[[ PROVIDED MATERIAL, beginning ]]
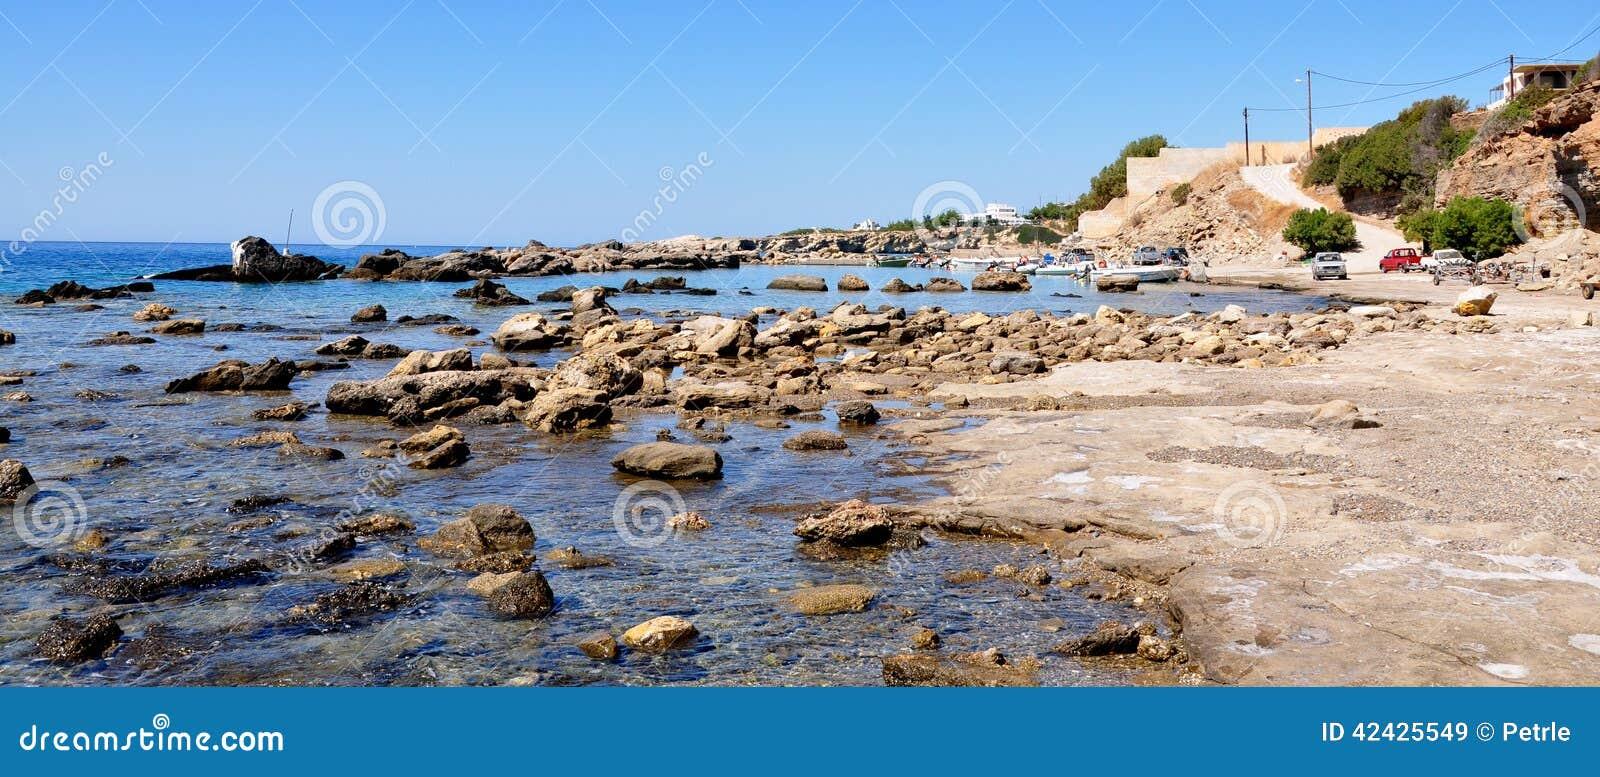 Costa de la isla de Creta, Grecia, Europa
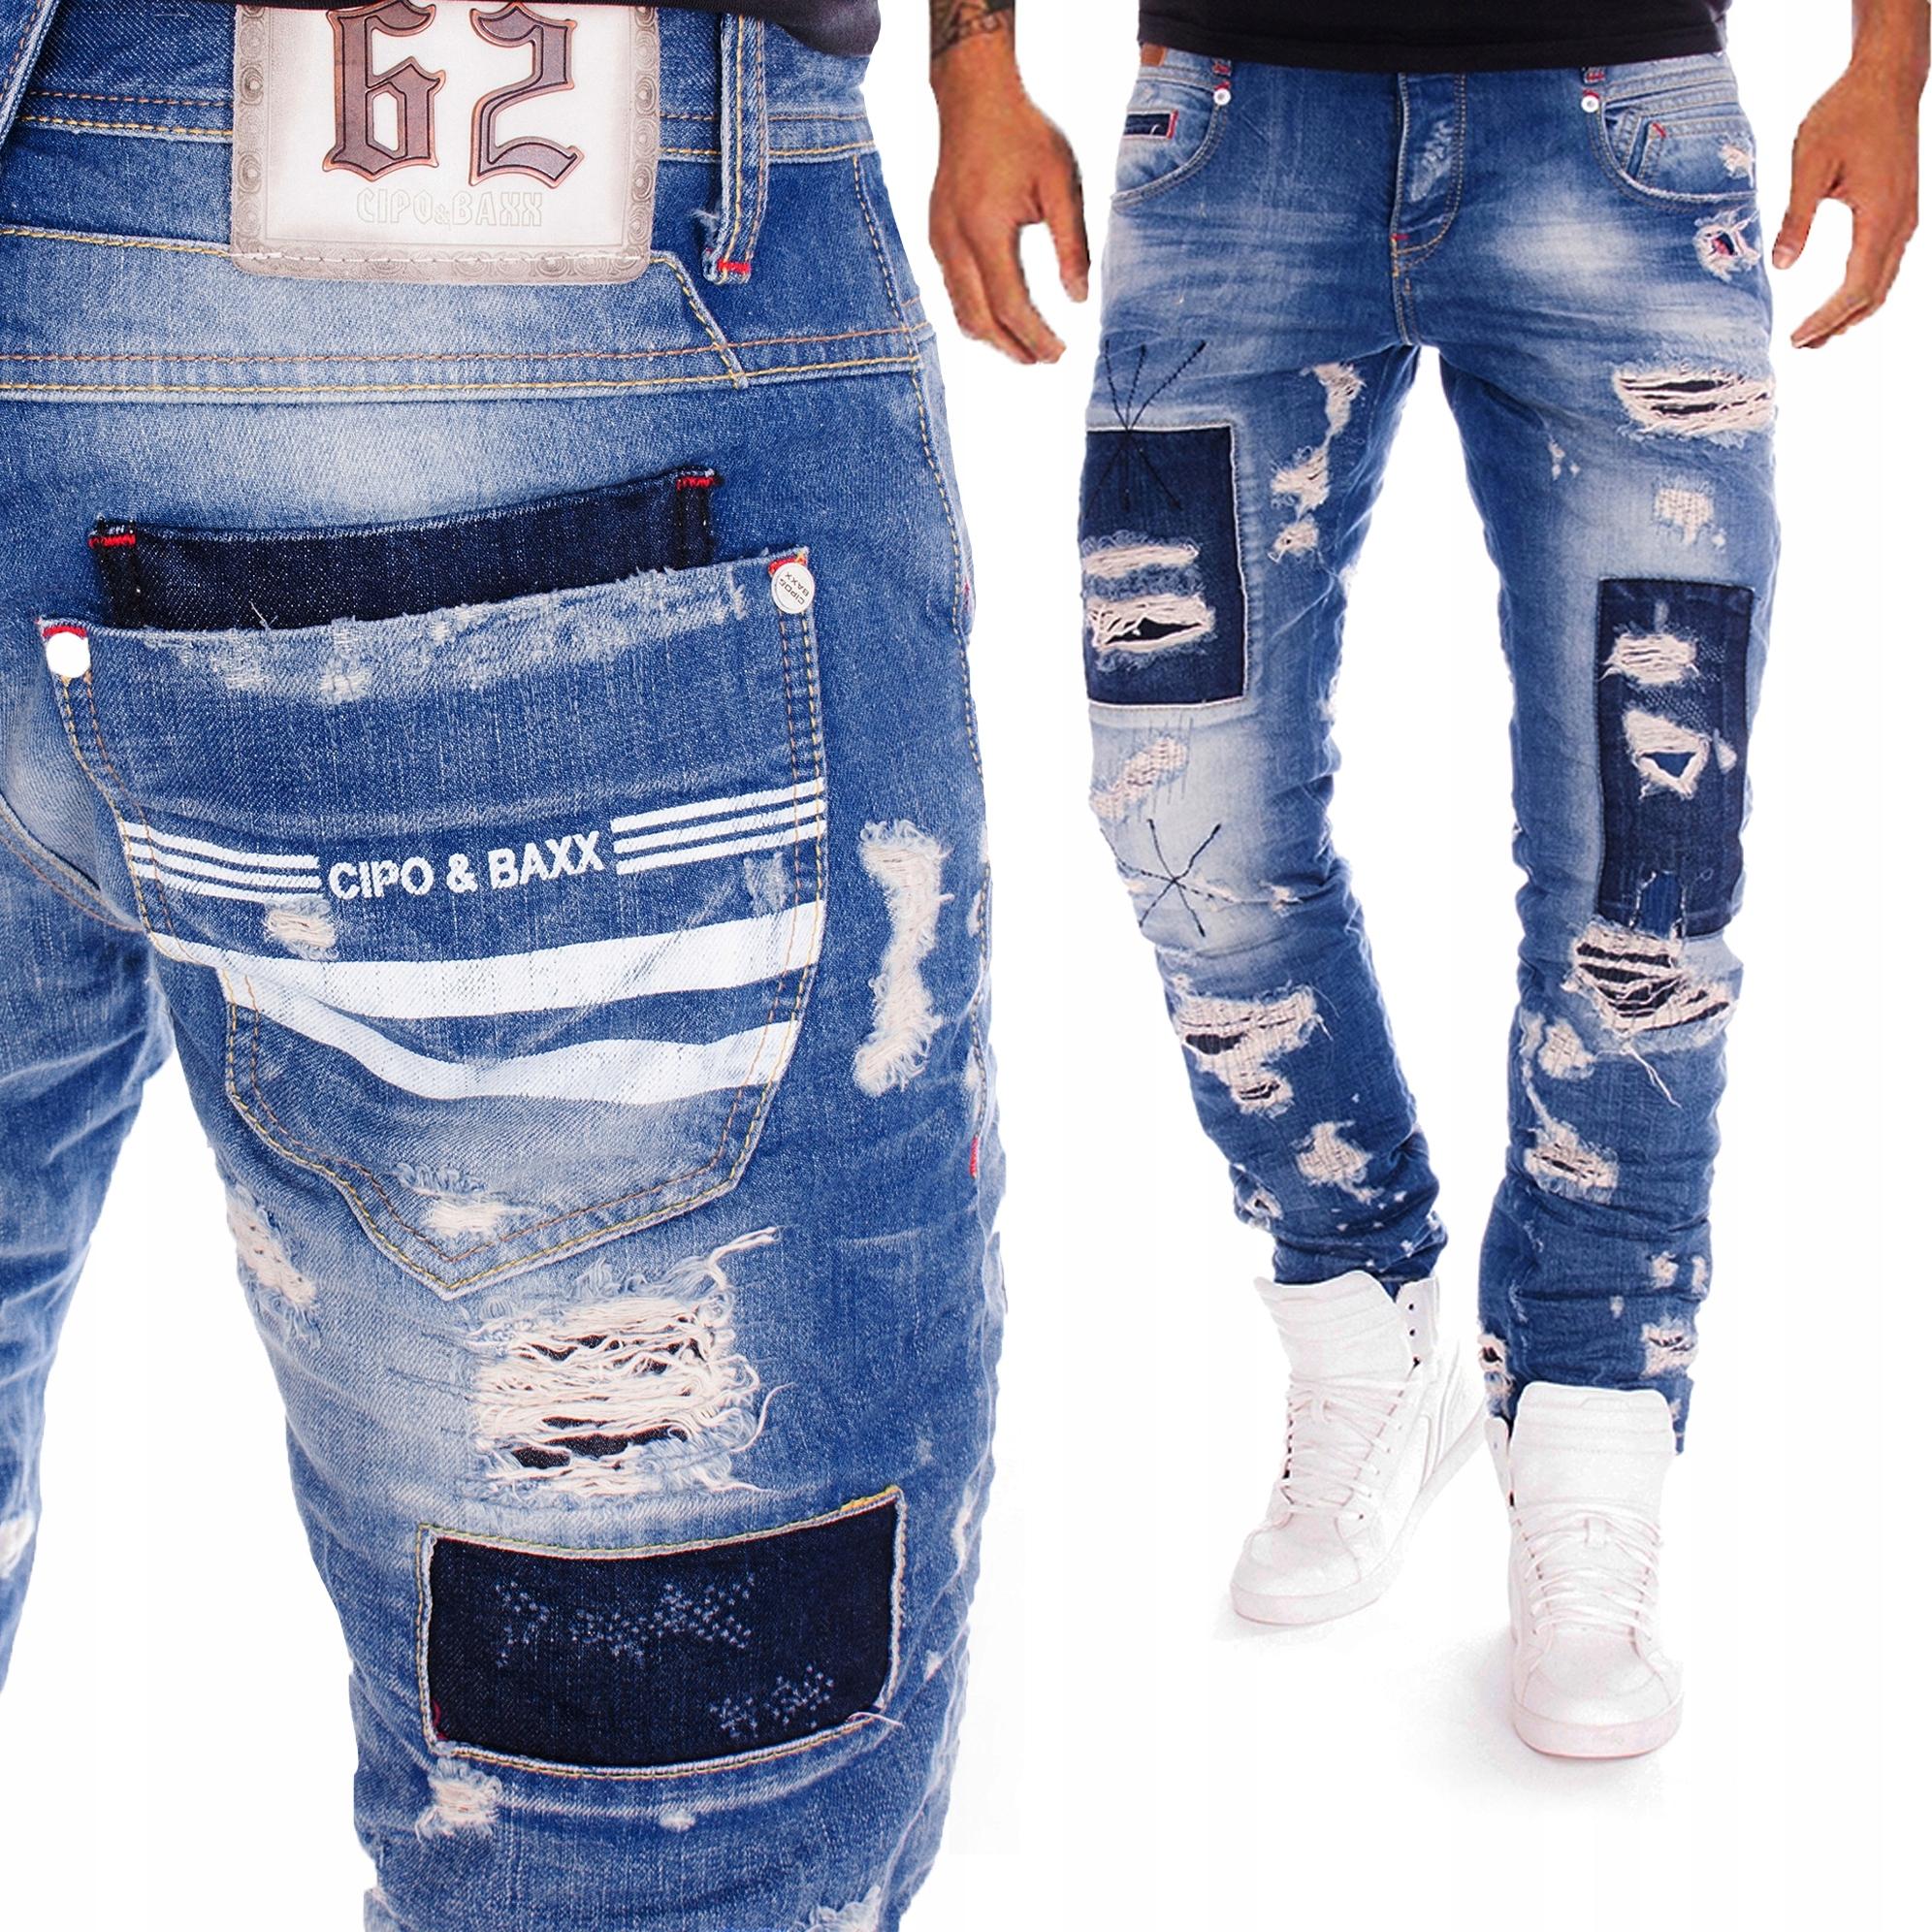 Spodnie Cipo Baxx Jeansy Męskie Street Style
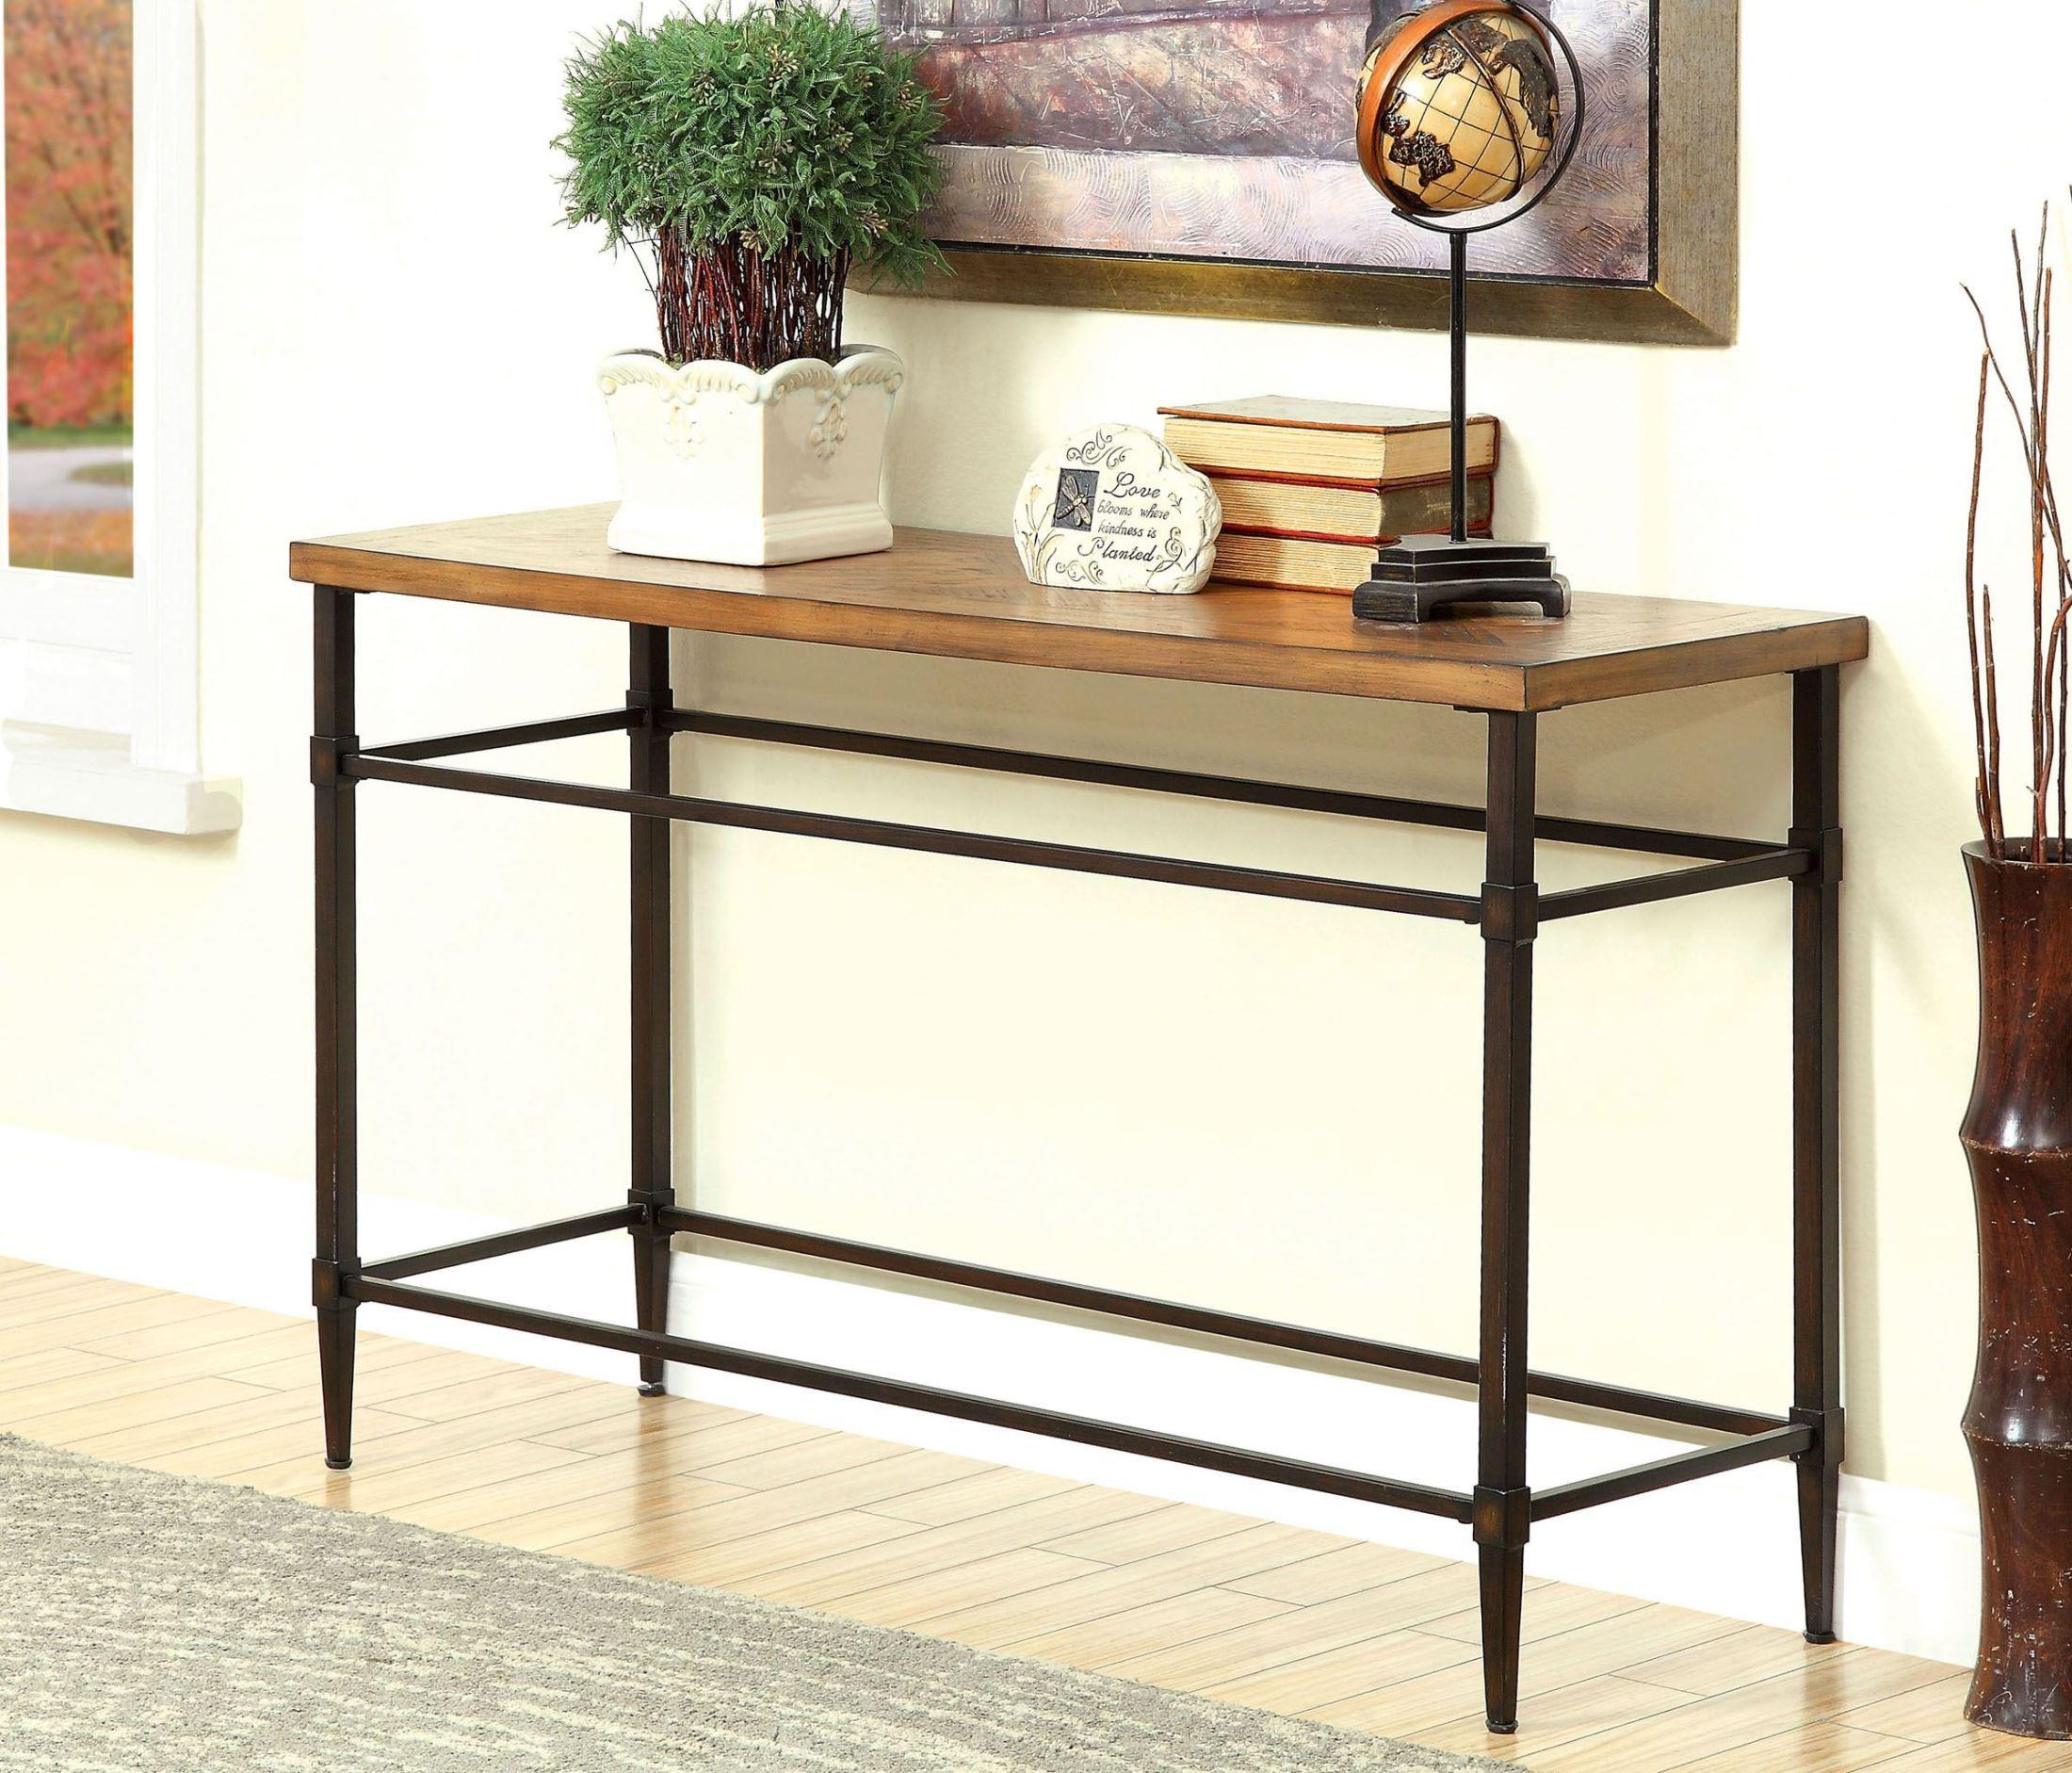 Herrick light oak sofa table from furniture of america
[[ PROVIDED MATERIAL, end ]]
DESCRIPTION OF THE TASK => Give again exactly the lines from the one that contains "Spodnie Cipo Baxx Jeansy Męskie Street Style" through the end of the material, both ends included, omitting the pictures.

WRITTEN SOLUTION =>
 Spodnie Cipo Baxx Jeansy Męskie Street Style
 Herrick light oak sofa table from furniture of america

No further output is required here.